After recounting the basic facts of the case, Fuhrman explains how he became interested in the Moxley murder (through author Dominick Dunne and an explosive leaked document), and the hostility and obstruction he met in Greenwich, from police and residents, when he arrived there to begin his research. At the end of his story he hands an incredibly scathing indictment to Greenwich's police department and civic leaders and the residents of Belle Haven.

This isn't mere payback, either. By the time he delivers his kick to their collective pants he's spent the better part of four hundred pages bending them over with well-researched facts and intelligence, and by shining a harsh light on their character and actions. He even demonstrates that the Greenwich Police Department failed to learn from the mistakes of the Moxley debacle and repeated all of these mistakes in a homicide investigation several years later.

In examining the failures of a police department and the community that should have supported it, Fuhrman offers these stirring words: "Corruption comes in many forms. Sometimes it is a payoff. Other times it is simply fear, laziness, selfishness. Everybody has his reasons for not solving the Moxley case, or not helping those who could have. There are always reasons not to do something, and cowards will turn these reasons into excuses. One of the worst forms of cowardice is silence."
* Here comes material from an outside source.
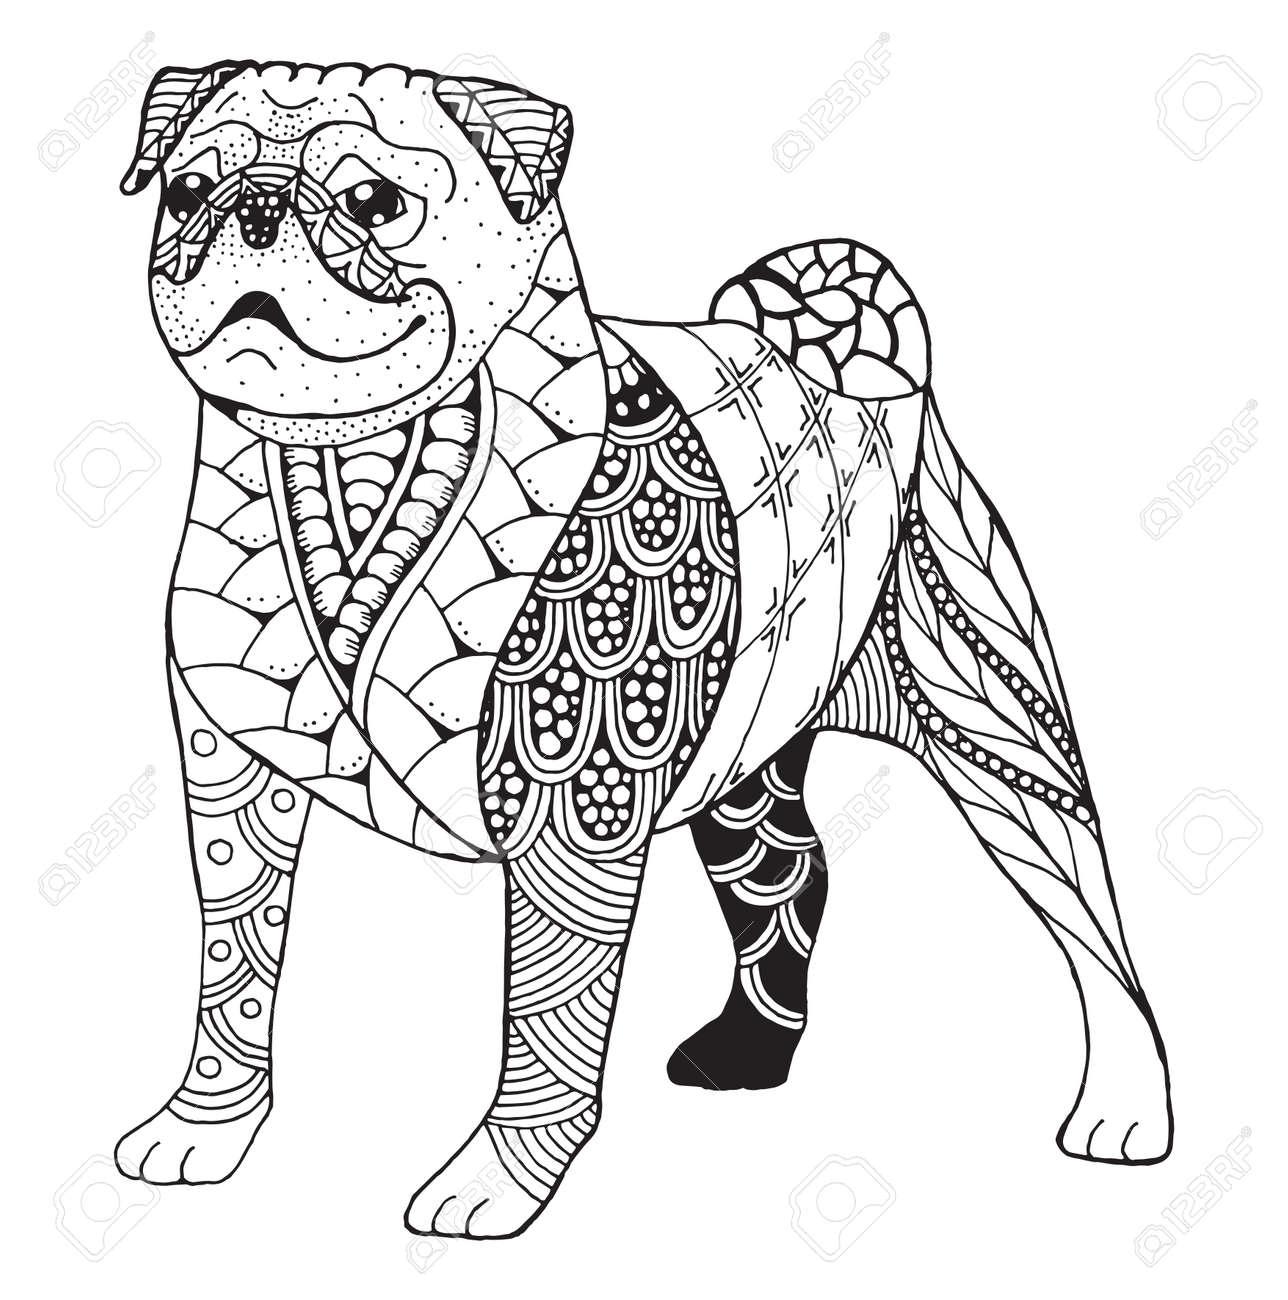 Pug dog zentangle doodle stylized, vector, illustration, freehand

Fuhrman identifies his suspect and lays out his case. A month after this book was published (there's a new afterword by Fuhrman) the wheels finally began to turn in Connecticut, leading to the conviction of Martha Moxley's killer a quarter of a century after the last blow was landed.

A great read, but much more than simply that. Well done, Mr. Fuhrman, and may all of the Moxleys- especially Martha- finally find peace.